Former Traveltainment chief executive Andy Owen-Jones’ new venture aims to plug the gaps in trip planning and inspiration which Facebook, Instagram, Pinterest and Twitter do not fulfil.
Suggestions engine Sujester is one of a number of investments Owen-Jones has made in travel-related businesses since leaving Amadeus-owned Traveltainment in 2011.
The concept was born out of his dealings with New Zealand travel agent House of Travel, which Owen-Jones describes as one his favourite customers when at Traveltainment.
Following a party for House of Travel’s top clients, Owen-Jones said it became clear that existing travel planning sites fail to capture the passion and exuberance with which people talk about travel.
“We came to the conclusion that there was something a little bit missing. To get inspired by travel you need a photo, some kind of commentary and a geo code – some kind of tagging,” he said.
Another inspiration for Sujester came from a fully bookable destination management website for New Zealand called Pure Journeys that is part of the House of Travel group.
This seeks to focus on the specific experiences self-drive travellers can have in and around the destinations they plan to visit rather than the accommodation they stay in.
Another was one of House of Travel’s most successful individual agents – it has 90 in New Zealand -which had seen considerable success from an annual mailing to clients.
This encouraged them to help House of Travel plan their travel requirements for the next three years.
“What we saw was everyone was responding to offers and not necessarily doing what they wanted to do in travel over the course of their life.
If you get people to think longer term they are more inclined to respond to what they want to do in their travel life rather than what hotels they may stay in have to offer.”
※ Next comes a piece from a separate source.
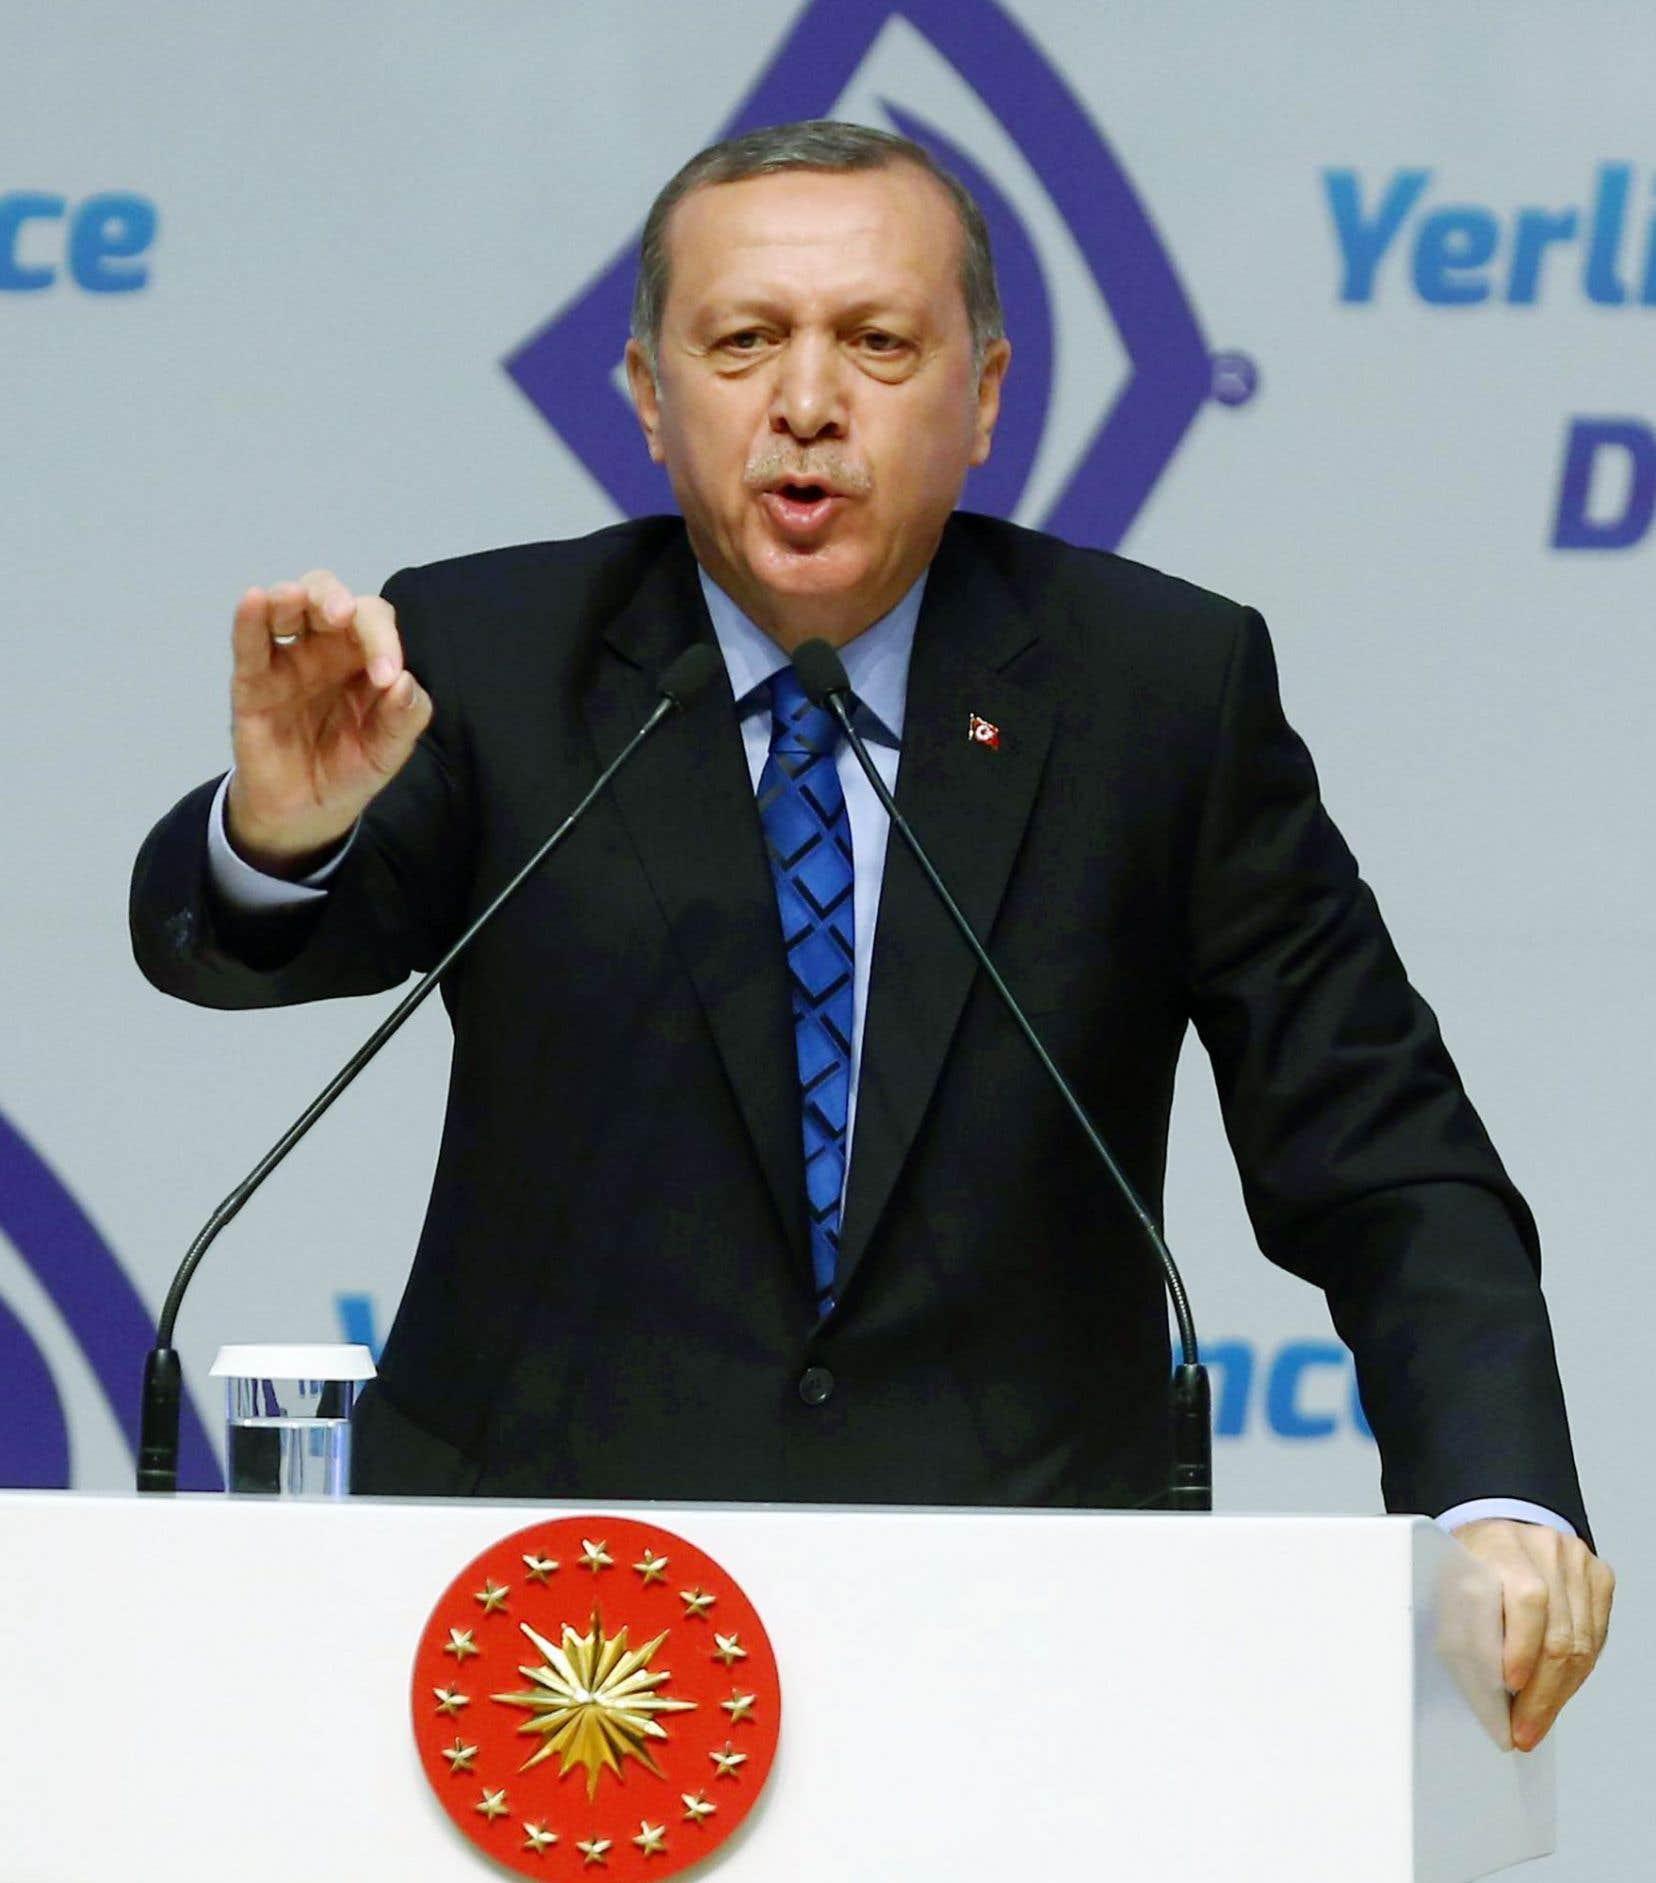 Le président de la Turquie, Recep Tayyip Erdogan

Sujester, therefore uses the concept of travel ‘moments’ or experiences which people can create and place on time lines. These can be created ‘live’ as the moment is being experienced.
These timelines are both backward looking and forward looking so users can log what they have already done and, Pinterest-style, what the experiences other people have had they would like.
Travel wish lists are then created – effectively pre-qualified demand for travel firms who can then offer to fulfil those travel requests.
Owen-Jones believes Sujester’s combination of images, short commentaries on what experiences people had, map-based pinning and timelines are what travel planning requires.
Behind it sits powerful ‘big-data’ pattern recognition algorithms which will learn what each users’ preferences are so that it will increasingly suggest the more pertinent experiences.
Owen-Jones said it was in discussions with the main GDSs and some agency group both in the UK and overseas about working with Sujester.
It is likely the first live partnership will go live in early 2014 and will be with House of Travel, which will offer it to its customers as a free travel planning tool.
“The idea is to get several travel agency groups to put their moments in both from their consumers and their own.
“We have put several hundred moments in and we are getting people to put more moments in all the time.”
Major events like the upcoming Fifa world Cup in Brazil are being targeted as ideal event for Sujester as they force travellers to plan travel plans for specific dates in the future.
Owen-Jones said he would like to encourage consumers to start to think more long term – for instance how many family holidays they are likely to take before the kids grow up – and to plan where they would like to go and what they would like to do.
“It’s a proactive wish-based CRM instead of a booking-based CRM,” Owen-Jones said. “This needs to be something a travel agent proactively uses.
“We want to pool the knowledge of lots of different travel agents and consumer groups and help people think further than one year ahead.
“For us a travel moment has to have some kind of attribute. It might be beach, active or city. It has to explain where exactly is it?
“It has to have a picture, but you have to be inspired by some kind of commentary about what happened to me.”